Has anyone else had trouble logging into the audax uk forum ???
Tried several times and no joy.
Thanks


----------



## Pro Tour Punditry (22 May 2014)

you need to use your member number and password to log in, but if you have done that then I can't help further

edit - I can't even find it again on the webpage! It's well hidden.


----------



## mcshroom (22 May 2014)

Explained over on YACF - https://yacf.co.uk/forum/index.php?topic=82114.0

Basically your User name is your membership number (without the letter), and your password is the first 8 characters of the password you use to log into the main AUK site.

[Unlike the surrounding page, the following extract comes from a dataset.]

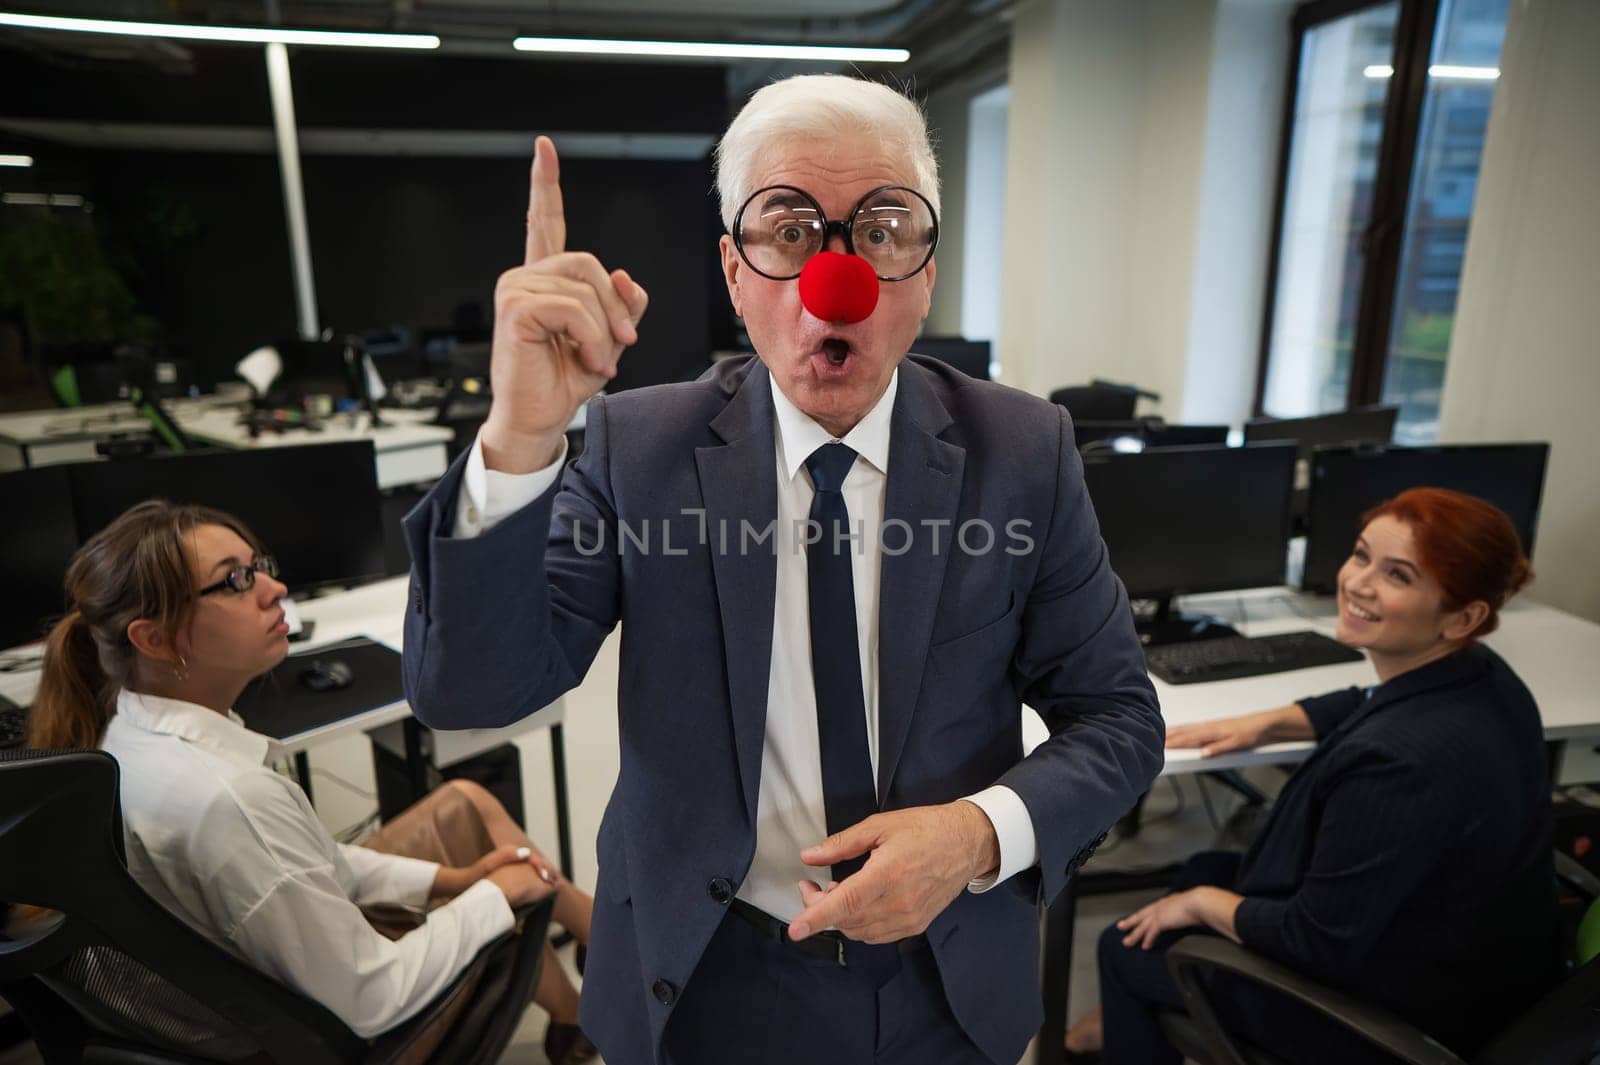 An elderly man in a clown costume fools around at work. by mrwed54

Oh, and there's no capitals in the forum one.


----------



## the_mikey (22 May 2014)

Just the number of your username (ignore any letter prefix) and your password (use lower case letters only).

I have just tested it and it works for me.


----------



## afl2 (23 May 2014)

Sorry again but have logged in ok with my user name and password to audax uk ok no hassle but when using the link and entering the same details I get no joy!!


----------



## afl2 (23 May 2014)

afl2 said:


> Sorry again but have logged in ok with my user name and password to audax uk ok no hassle but when using the link and entering the same details I get no joy!!


Have reset password and have now successfully logged in.
many thanks


----------



## Pro Tour Punditry (23 May 2014)

afl2 said:


> Have reset password and have now successfully logged in.
> many thanks



Was it worth it?


----------



## afl2 (24 May 2014)

Marmion said:


> Was it worth it?


Hopefully. Need to use it as much as cycle chat!!


----------